Re: [PATCH v4 6/8] fsverity: improve performance by using multibuffer hashing

Ard Biesheuvel <ardb@xxxxxxxxxx> · Thu, 6 Jun 2024 08:58:47 +0200

On Thu, 6 Jun 2024 at 07:41, Herbert Xu <herbert@xxxxxxxxxxxxxxxxxxx> wrote:
>
> On Wed, Jun 05, 2024 at 10:28:01PM -0700, Eric Biggers wrote:
> >
> > With AES, interleaving would only help with non-parallelizable modes such as CBC
> > encryption.  Anyone who cares about IPsec performance should of course be using
> > AES-GCM, which is parallelizable.  Especially since my other patch
> > https://lore.kernel.org/linux-crypto/20240602222221.176625-2-ebiggers@xxxxxxxxxx/
> > is making AES-GCM twice as fast...
>
> Algorithm selection may be limited by peer capability.  For IPsec,
> if SHA is being used, then most likely CBC is also being used.
>

IPSec users relying on software crypto and authenc() and caring about
performance seems like a rather niche use case to me.

> > In any case, it seems that what you're asking for at this point is far beyond
> > the scope of this patchset.
>
> I'm more than happy to take this over if you don't wish to extend
> it beyond the storage usage cases.  According to the original Intel
> sha2-mb submission, this should result in at least a two-fold
> speed-up.
>

I'm struggling to follow this debate. Surely, if this functionality
needs to live in ahash, the shash fallbacks need to implement this
parallel scheme too, or ahash would end up just feeding the requests
into shash sequentially, defeating the purpose. It is then up to the
API client to choose between ahash or shash, just as it can today.

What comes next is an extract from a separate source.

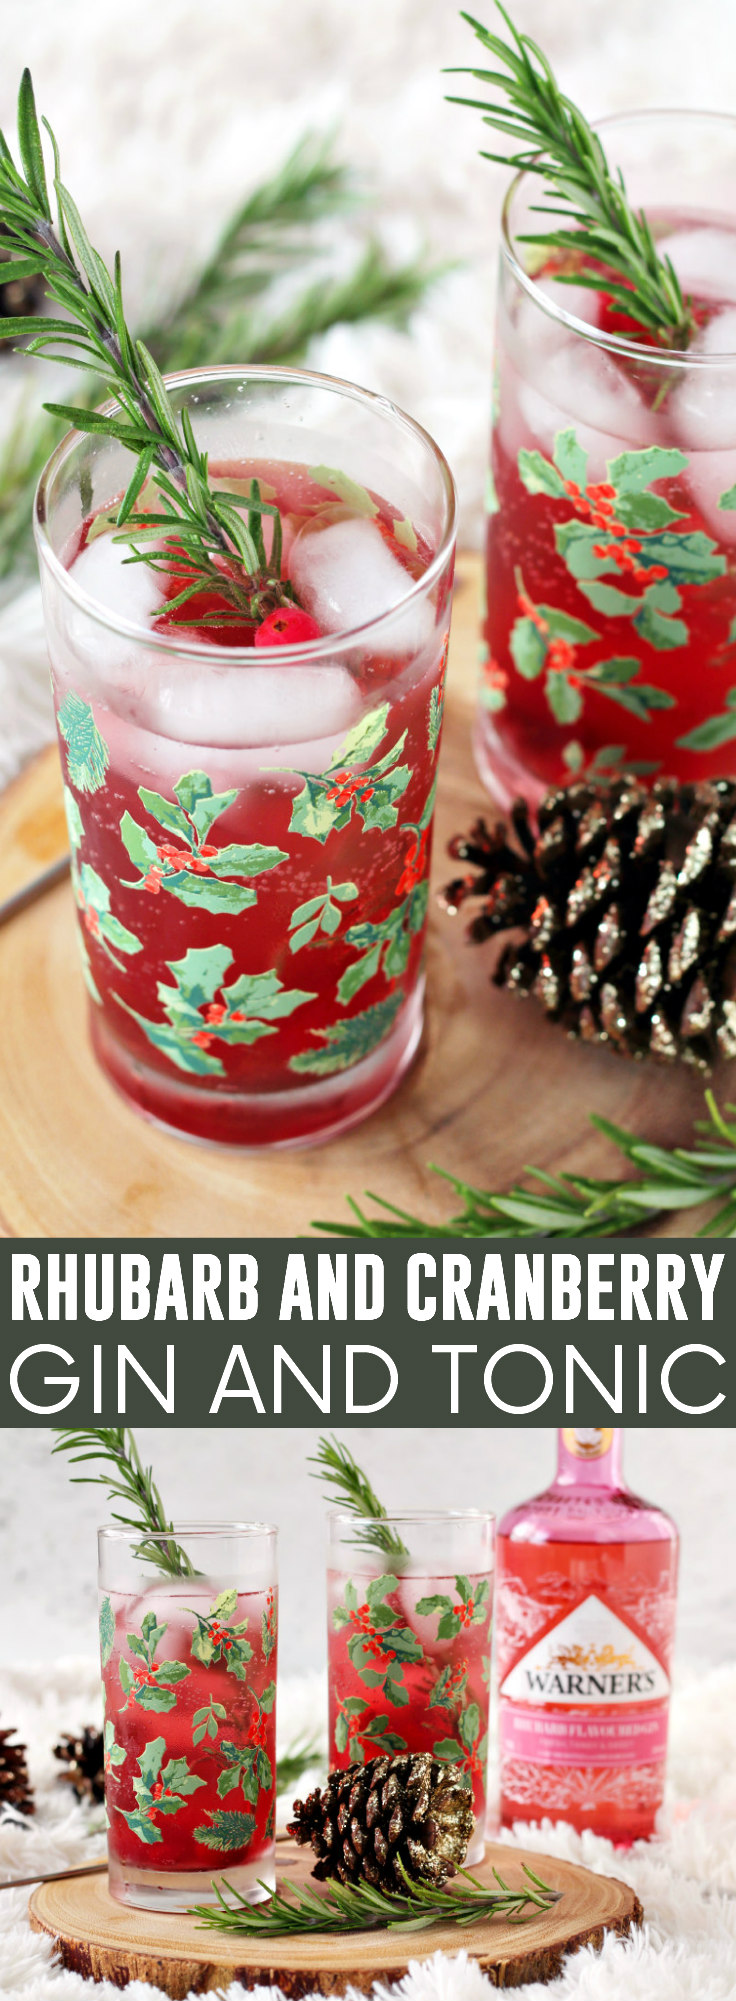 Rhubarb and Cranberry Gin and Tonic pinnable image.

So Eric has a pretty strong case for his shash implementation;
kmap_local() is essentially a NOP on architectures that anyone still
cares about (unlike kmap_atomic() which still disables preemption), so
I don't have a problem with the caller relying on that in order to be
able to use shash directly. The whole scatterlist / request alloc
dance is just too tedious and pointless, given that in practice, it
all gets relegated to shash anyway.

But my point is that even if we go with Herbert's proposal for the
ahash, we'll still need something like Eric's code on the shash side.

For the true async accelerator use case, none of this should make any
difference, right? If the caller already tolerates async (but
in-order) completion, implementing this request chaining doesn't buy
it anything. So only when the caller is sync and the implementation is
async, we might be able to do something smart where the caller waits
on a single completion that signals the completion of a set of inputs.
But this is also rather niche, so not worth holding up this effort.

So Herbert, what would the ahash_to_shash plumbing look like for the
ahash API that you are proposing? What changes would it require to
shash, and how much to they deviate from what Eric is suggesting?